2. Synthetic Data Generation
    If Dogri data is limited:

    Use Hindi datasets to generate synthetic Dogri data by replacing Hindi words with Dogri equivalents.

    Use Text-to-Speech (TTS) tools like Google TTS or Microsoft Azure TTS to generate synthetic Dogri audio.

### Question 3: Data Diversity
1. How would you ensure your dataset represents variations?
    #### Dialect and Pronunciation:

    Collect data from different regions where Dogri is spoken to capture dialectal variations.

    #### Accents:

    Include speakers with different accents (e.g., urban vs. rural).

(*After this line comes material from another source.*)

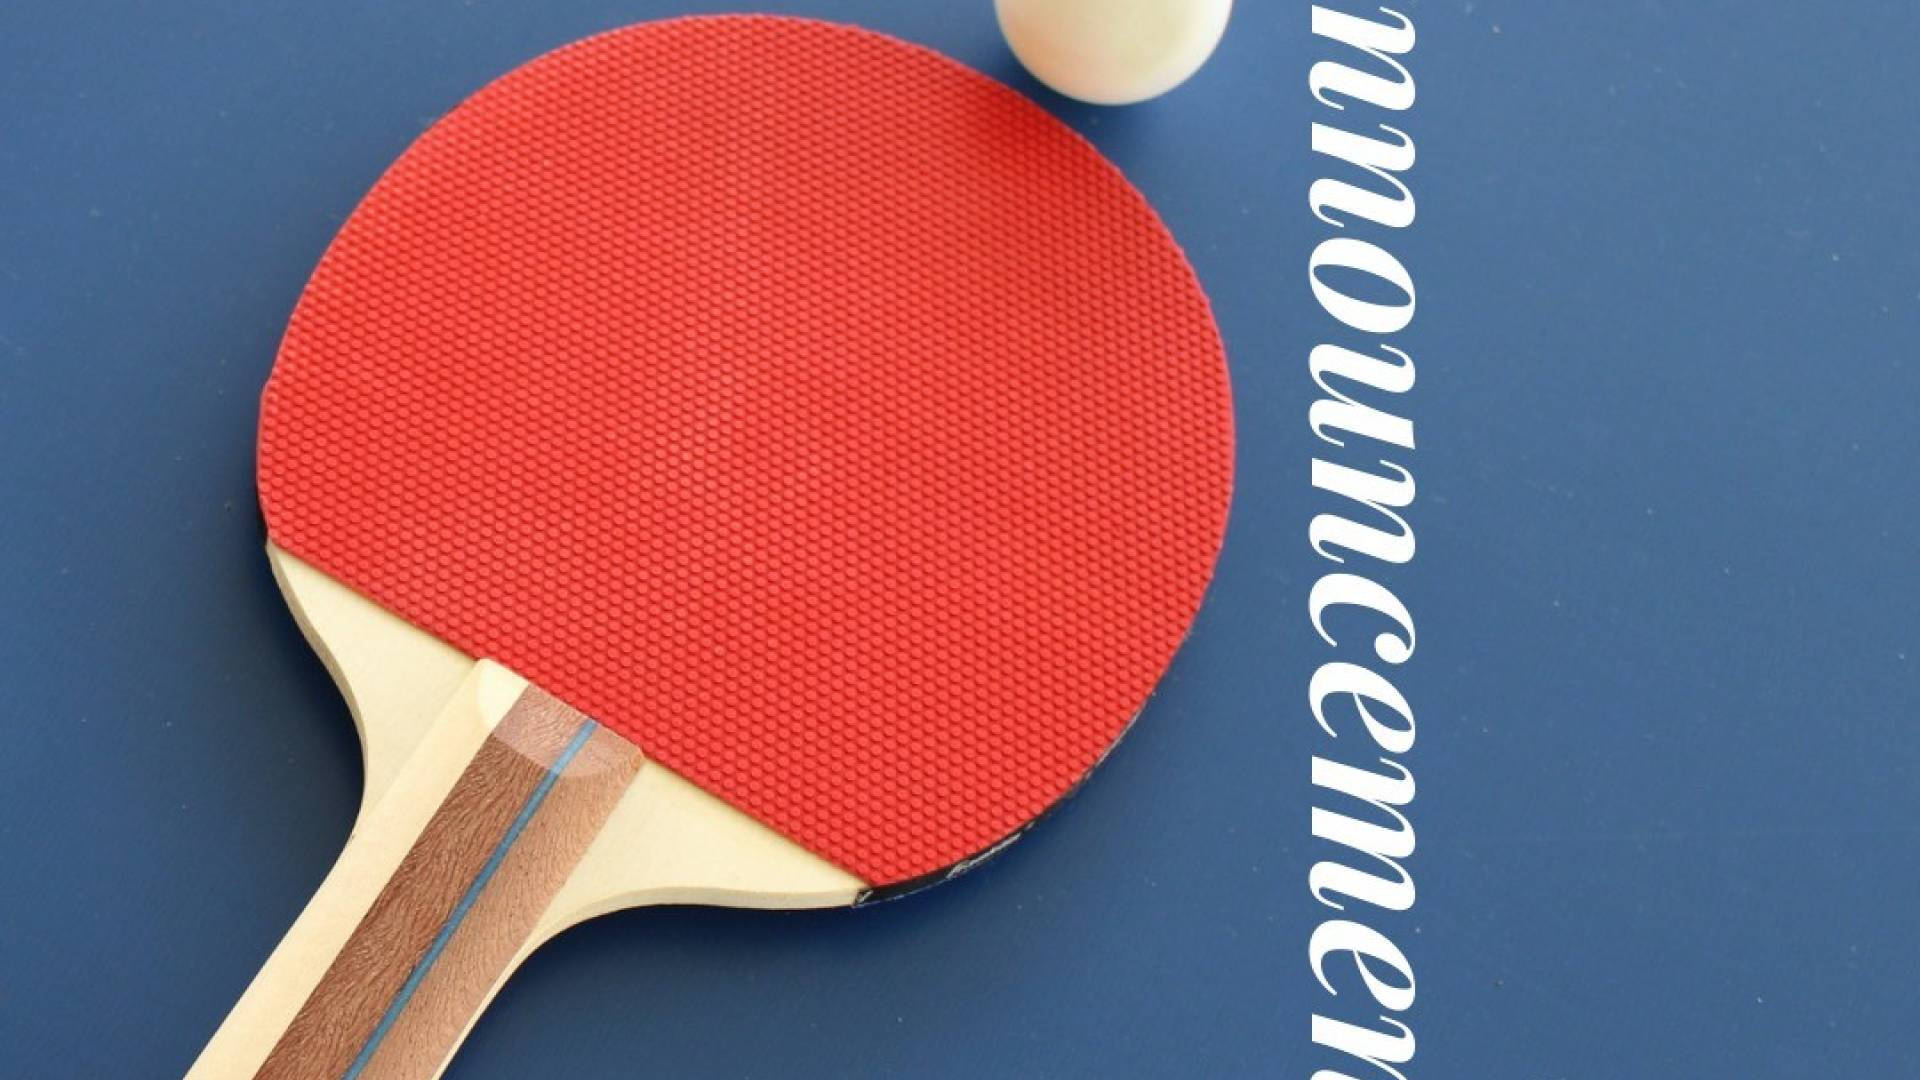 Common Table Tennis Racket Background

    #### Background Noise:

    Add background noise to clean audio files to simulate real-world conditions.

    #### Speaker Diversity:

    Ensure a balanced representation of age, gender, and speaker demographics.

### Question 4: Model Training & Evaluation Strategy
1. Training Approach
    #### Fine-Tuning:

    Start with a pre-trained multilingual STT model (e.g., Whisper or AI4Bharat).

    Fine-tune the model on the Dogri dataset using transfer learning.

    #### Architecture:

    Use a Transformer-based architecture (e.g., Whisper) for its efficiency and accuracy.

    Alternatively, use a CNN-RNN hybrid for lightweight edge deployment.

2. Evaluation Strategy
    #### Metrics:

    Use Word Error Rate (WER) and Character Error Rate (CER) to evaluate the model.

    #### Cross-Validation:

    Perform k-fold cross-validation to ensure the model generalizes well to unseen data.

    #### Real-World Testing:

    Test the model on real-world Dogri speech data to evaluate its performance in practical scenarios.

### Question 5: Training & GPU Requirements
1. Hardware Requirements
    #### GPU:

    Use high-performance GPUs like NVIDIA A100, RTX 4090, or H100 for training.

    #### RAM:

    At least 32GB RAM for handling large datasets.

    #### CPU:

    Multi-core CPU (e.g., Intel Xeon or AMD Ryzen) for data preprocessing.

2. Training Time
    #### GPU Hours:

    Approximately 100-200 GPU hours for fine-tuning on a medium-sized dataset.

    #### Epochs:

    Train for 10-20 epochs with early stopping to prevent overfitting.

3. Inference on Smartphones
    #### RAM Impact:

    The model should use less than 500MB RAM for inference.

    #### Battery Impact:

    Optimize the model to minimize battery consumption (e.g., use quantization).

    #### Inference Framework:

    Use TensorFlow Lite (TFLite) or ONNX Runtime for edge deployment.

    #### TFLite: 
    Lightweight and optimized for mobile devices.

    #### ONNX Runtime: 
    Cross-platform and supports hardware acceleration.